Many thanks to Schrödinger's cat about 3dtools. In this answer, I use Mathematica to find coordinates of three points A, B, C and draw circle (ABC). I use tikz-3dplot-circleofsphere at here to draw style of line of the circle (ABC).

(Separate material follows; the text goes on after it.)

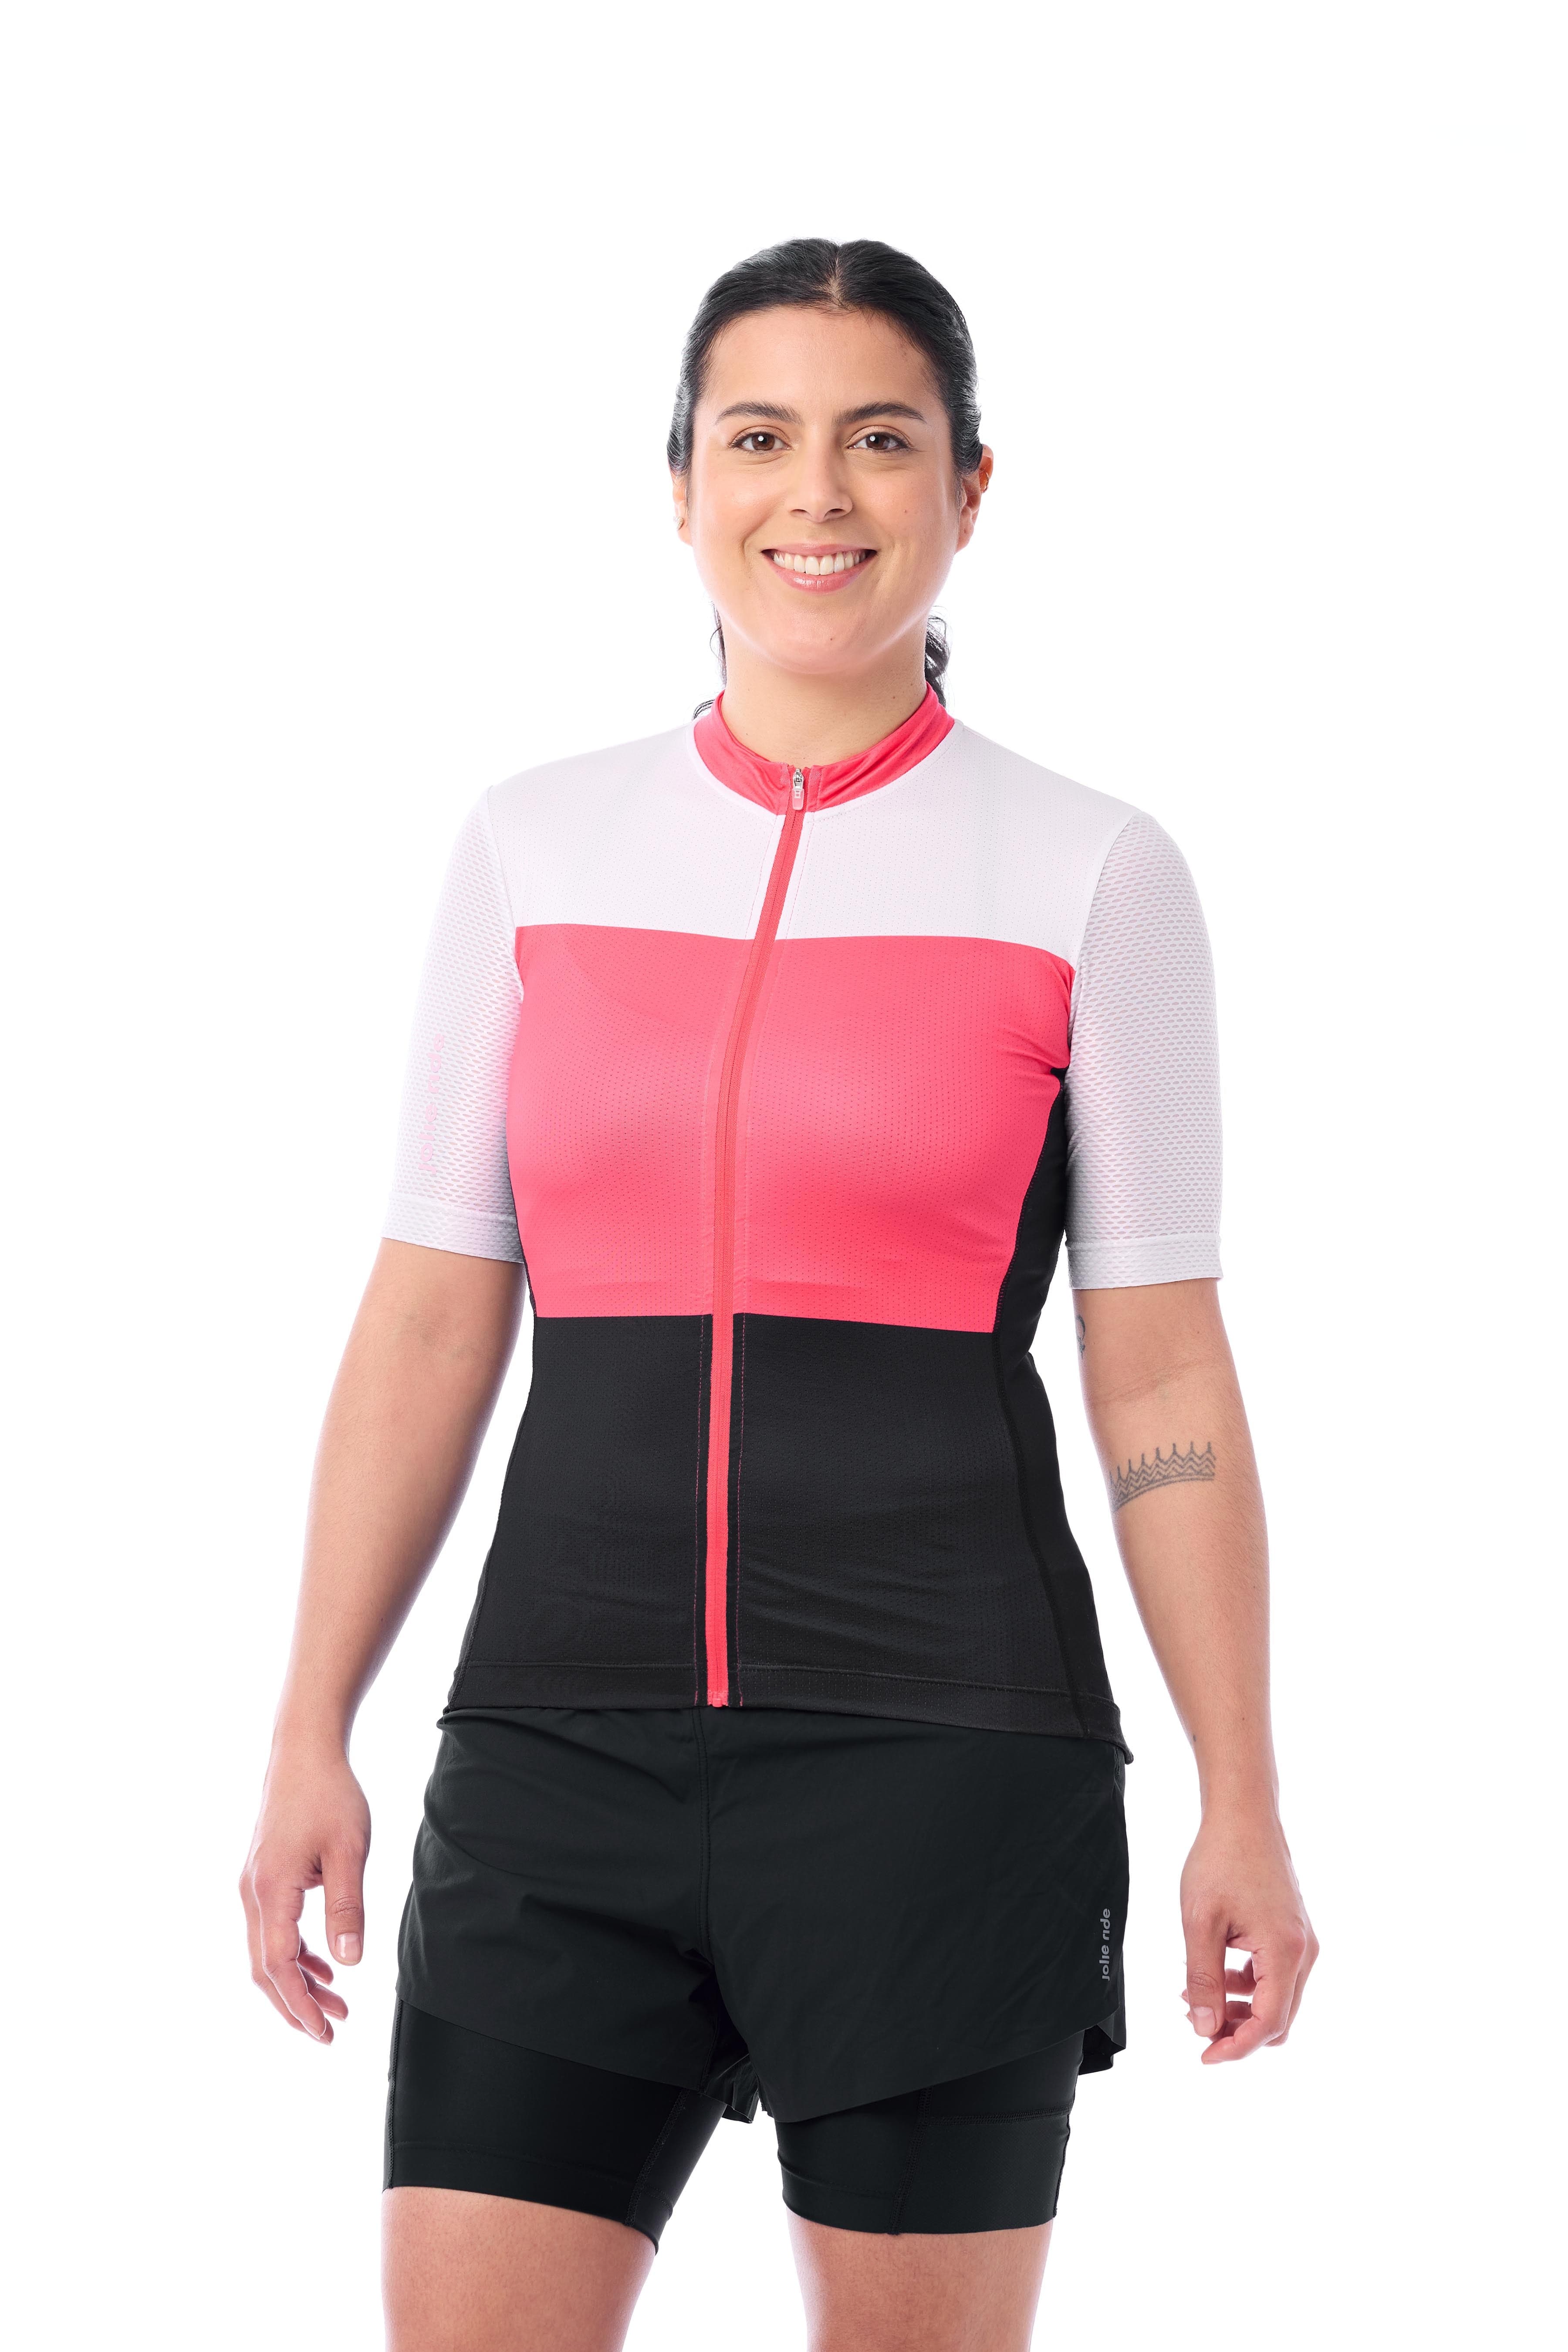 JolieRide XS / XS Neon Pink top + cycling short w over-shorts

\documentclass[12pt,tikz,border=2 mm]{standalone}
\usepackage{tikz-3dplot-circleofsphere}
\usetikzlibrary{3dtools}
\begin{document}
    \tdplotsetmaincoords{60}{110}
\begin{tikzpicture}[scale=1,tdplot_main_coords,declare function={R=5;
}]
    \path   (3,-3,3) coordinate (T)
    (1,-1,2) coordinate (I) 
    (1, {1/5 *(-23 - 2* sqrt(11))}, {1/5 *(19 - 4 *sqrt(11))}) coordinate (A)
    (1, {1/5 *(-23 + 2* sqrt(11))}, {1/5 *(19 + 4 *sqrt(11))}) coordinate (B)
    ({1/4* (13 + sqrt(119))}, {1/4 *(-13 + sqrt(119))}, 2) coordinate (C);
\begin{scope}[tdplot_screen_coords] 
\fill[ball color=green, opacity=0.8] (I) circle (R);
    \end{scope}
\begin{scope}[shift={(I)}]
\path[overlay] [3d coordinate={(A-B)=(A)-(B)},
3d coordinate={(A-C)=(A)-(C)},
3d coordinate={(myn)=(A-B)x(A-C)},
3d coordinate={(A-T)=(A)-(T)}];
\pgfmathsetmacro{\myaxisangles}{axisangles("(myn)")}
\pgfmathsetmacro{\myalpha}{{\myaxisangles}[0]}
\pgfmathsetmacro{\mybeta}{{\myaxisangles}[1]}
\pgfmathsetmacro{\mygamma}{-acos(sqrt(TD("(A-T)o(A-T)"))/R)}
\tdplotCsDrawCircle[tdplotCsFront/.style={thick}]{R}{\myalpha}{\mybeta}{\mygamma} 
\end{scope} 

\foreach \p in {I,T,B}
\draw[fill=black] (\p) circle (1.5 pt);
\foreach \p/\g in {I/0,T/-90,B/30}
\path (\p)+(\g:3mm) node{$\p$};
\draw[dashed] (I) -- (T) -- (B) -- cycle;
    \end{tikzpicture}
\end{document} 

I add this because you asked me to use the 3d circle through 3 points pic here. It can be used after we have three points. These points can be constructed by adding vectors of length 4, the radius, to T which lie in the plane of the circle. These vectors are taken from the other answer, and rescaled.

\documentclass[12pt,tikz,border=2 mm]{standalone}
\usepackage{tikz-3dplot}
\usetikzlibrary{3dtools,backgrounds}
\begin{document}
\tdplotsetmaincoords{60}{110}
\begin{tikzpicture}[tdplot_main_coords]
\pgfmathsetmacro{\mysq}{4/3}
\path   (3,-3,3) coordinate (T)
      (1,-1,2) coordinate (I) 
      (1, 2, 2) coordinate (u)  
      (2, 1, -2) coordinate (v)
      [3d coordinate={(A)=(T)+\mysq*(u)}]
      [3d coordinate={(B)=(T)+\mysq*(v)}]
      [3d coordinate={(C)=(T)-\mysq*(u)}];

\foreach \v/\position in {T/above,I/below} {
    \draw[fill=black] (\v) circle (0.7pt) node [\position=0.2mm] {$\v$};
}

\path[dashed] pic{3d circle through 3 points={A={(A)},B={(B)},C={(C)}}};

\begin{scope}[tdplot_screen_coords, on background layer]
  \pgfmathsetmacro{\R}{5}%
  \fill[ball color=purple, opacity=1.0] (I) circle (\R); 
\end{scope}
\end{tikzpicture}
\end{document}